Read this post on TravelFeed.io for the best experience


Czekając na guagua podchodzi do mnie chłopczyk, w wieku ok. 5 lat. Wita się grzecznie i z zaciekawieniem zaczyna rozmowę z białym turystą. Chwali się, że chodzi do szkoły i uczy się angielskiego. Bardzo ucieszyła mnie ta wiadomość, więc pytam małego:

Do you speak english ?

Yo Hablo inglés tambien - powtarza trochę zmieszany chłopczyk

Widzę, że nic z tego nie będzie, więc nie męczę go dalej. Pyta, czy mogę dać mu kilka peso na zeszyt i coś do pisania, bo nie ma na czym pisać w szkole. Początkowo myślę, że udaje, chcąc wyżebrać ode mnie kilka peso. Jakie jest moje zdziwienie, kiedy w momencie, gdy wręczam mu kilka kartek wyrwanych z mojego notesu widzę najszczęśliwszego człowieka pod słońcem. Wyrywam resztę niezapisanych kartek i bez wahania wręczam chłopczykowi. Teraz wierzę, że Ci ludzie na prawdę mają podstawy by strajkować.

Podjeżdża do nas dwóch młodych chłopaków na motorkach. W tej, nieturystycznej części kraju nie ma rozwiniętej usługi Motoconcho - mototaksi. Pytają jednak, na co czekamy i gdzie chcemy jechać, i oferują transport do Paraiso.
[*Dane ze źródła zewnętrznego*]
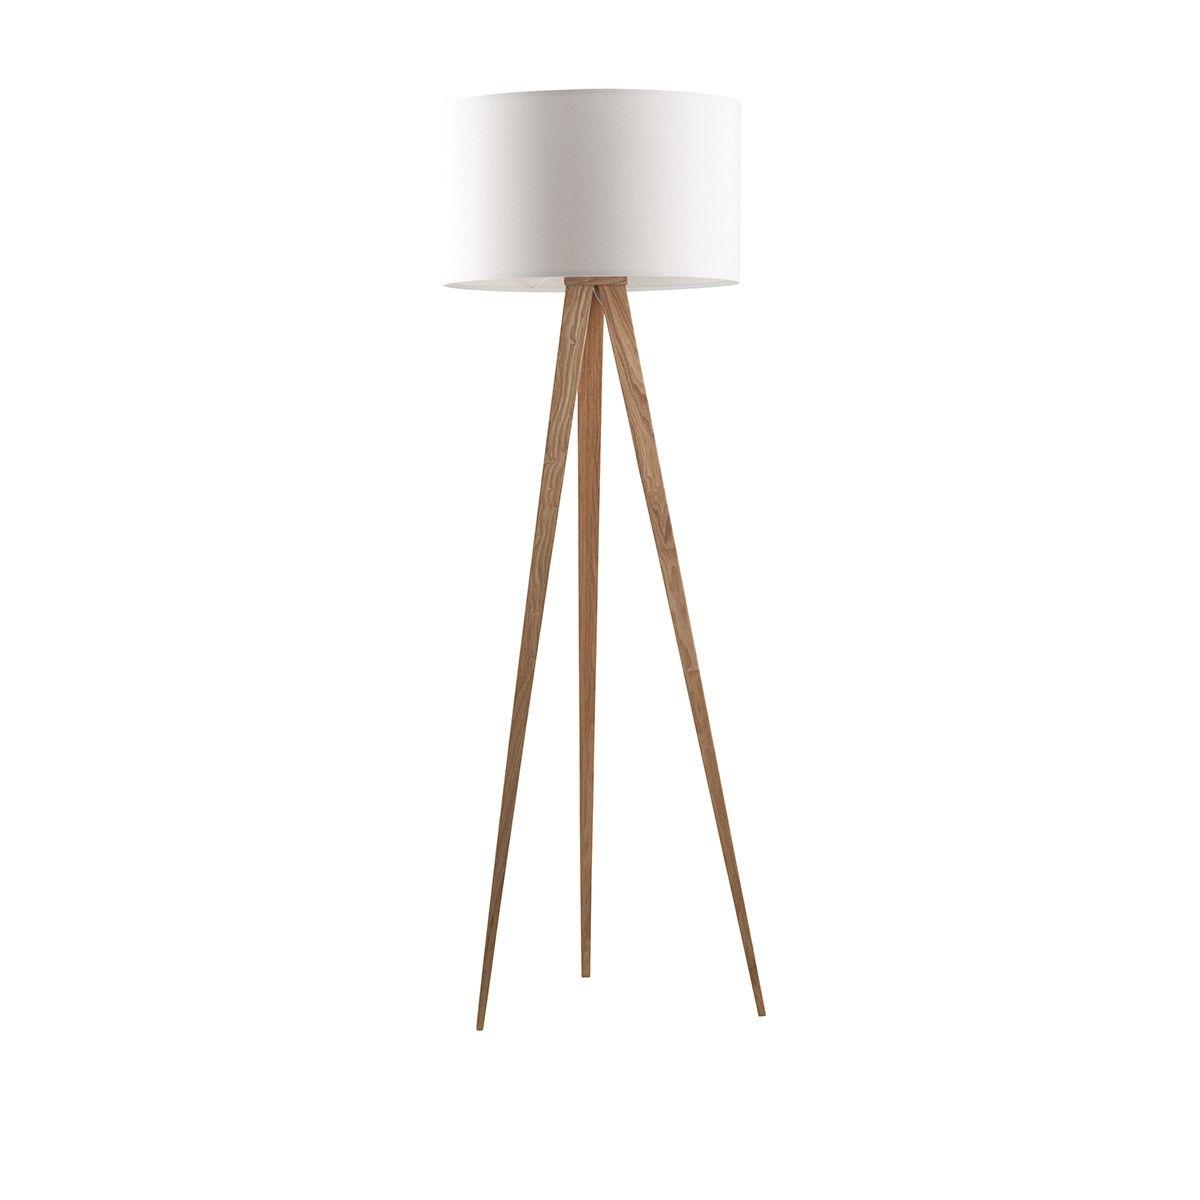 Lampe trpied en bois  Blanc  Dco  Lampe trepied

Mówią, że blokada drogi może trochę potrwać, i że w najbliższym czasie możemy mieć problem ze złapaniem guagua.

Jedziemy z nimi do Paraiso, a tam wsiadam do guagua do Barahony. Dojeżdżając do celu podaję kierowcy numer do Orlanda, który wcześniej podał mi jego znajomy. Mój obecny kierowca pyta Orlanda, czy jest w domu i w której części Barahony mieszka. Rozwozi wszystkich pasażerów, po czym jedzie ze mną na postój Motoconcho i podaje motocykliście wskazówki dojazdu do Orlanda. Ten zawozi mnie pod dom, w którym mieszka Orlando.
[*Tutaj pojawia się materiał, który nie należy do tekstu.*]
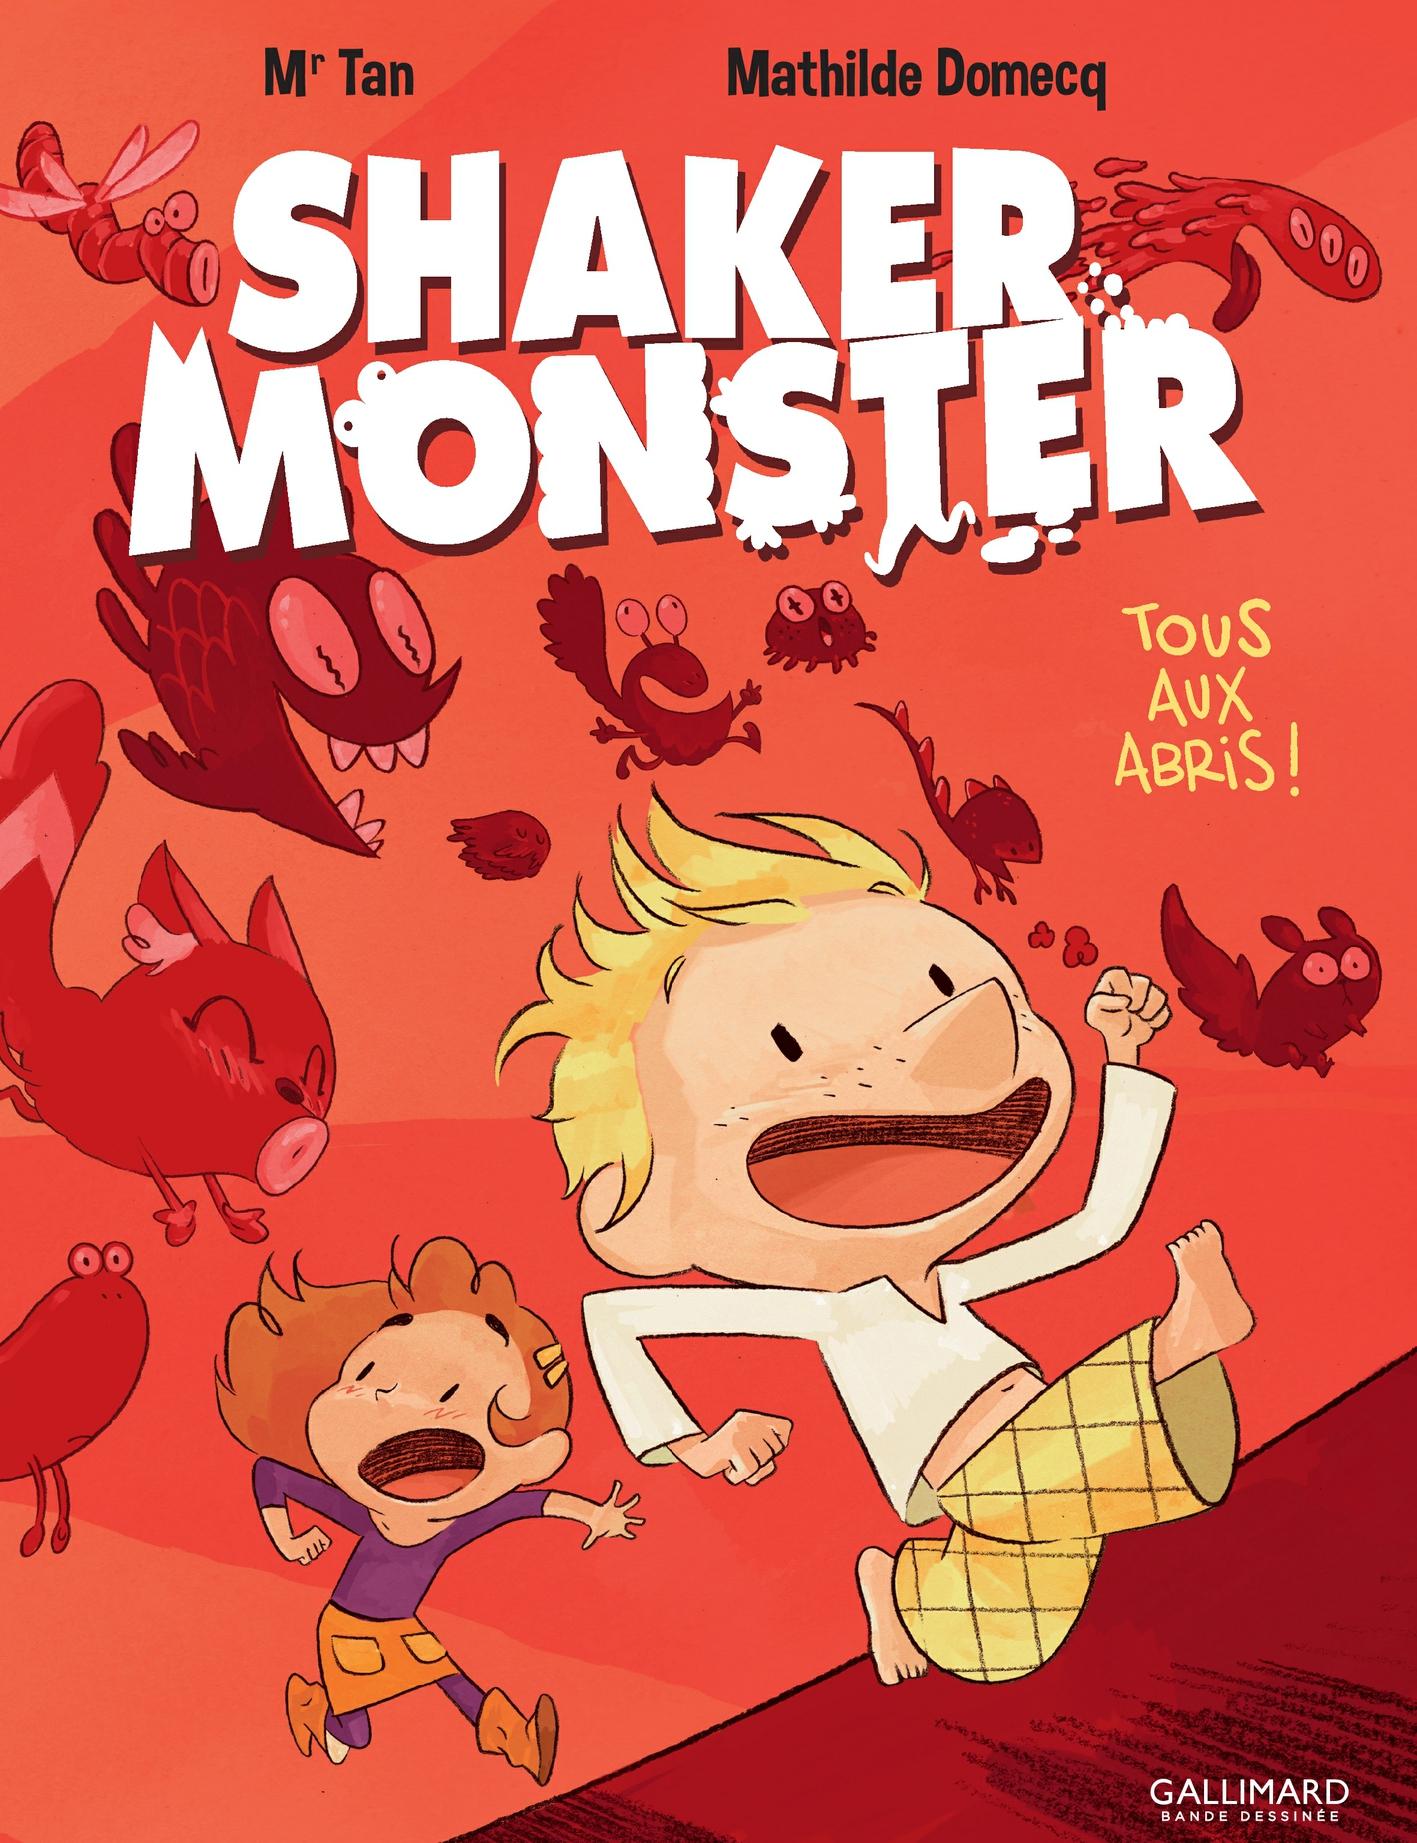 Shaker Monster (Tome 1) - Tous aux abris ! | Mr Tan

Drzwi się otwierają, rozpoznaję mężczyznę, z którym jechaliśmy z rana. Wita mnie serdecznie i zaprasza do środka. Mówi, że ma moją zgubę. Idzie do sąsiedniego pokoju i po chwili wraca. Nie mogę uwierzyć, gdy widzę, że trzyma w ręku mój futerał. Jednak cuda się zdarzają. Przekazuje mi do ręki futerał i mówi, że w środku były jeszcze baterie i karta pamięci, którą również daje mi do rąk. Pytam, ile jestem mu winien za tą przysługę. Mówi, że nie ma o czym mówić, i że on nie chce za to żadnej kasy, że on to po prostu znalazł i najzwyczajniej w świecie oddaje. Chcąc się jakoś odwdzięczyć mówię, że zapraszam go na obiad. On jednak stanowczo odmawia. Twierdzi, że skoro mógł pomóc, to pomógł, i tyle. Nie chce nic w zamian. Robię więc sobie z nim jeszcze pamiątkowe zdjęcie i wracam do Paraiso.
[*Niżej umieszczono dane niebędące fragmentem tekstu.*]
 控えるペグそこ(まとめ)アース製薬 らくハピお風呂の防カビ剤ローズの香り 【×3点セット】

Nie spytałem Orlanda o zgodę na publikowanie jego zdjęcia, więc pamiątkowe zdjęcie pozostanie w moim prywatnym archiwum ;)Nie spytałem Orlanda o zgodę na publikowanie jego zdjęcia, więc pamiątkowe zdjęcie pozostanie w moim prywatnym archiwum ;)

C.d.n


*Zdjęcia własnego autorstwa


View this post on TravelFeed for the best experience.
Sort:  

Congratulations, your post has been added to Pinmapple! 🎉🥳🍍

Did you know you have your own profile map?
And every post has their own map too!

Want to have your post on the map too?

  • Go to Pinmapple
  • Click the get code button
  • Click on the map where your post should be (zoom in if needed)
  • Copy and paste the generated code in your post (Hive only)
  • Congrats, your post is now on the map!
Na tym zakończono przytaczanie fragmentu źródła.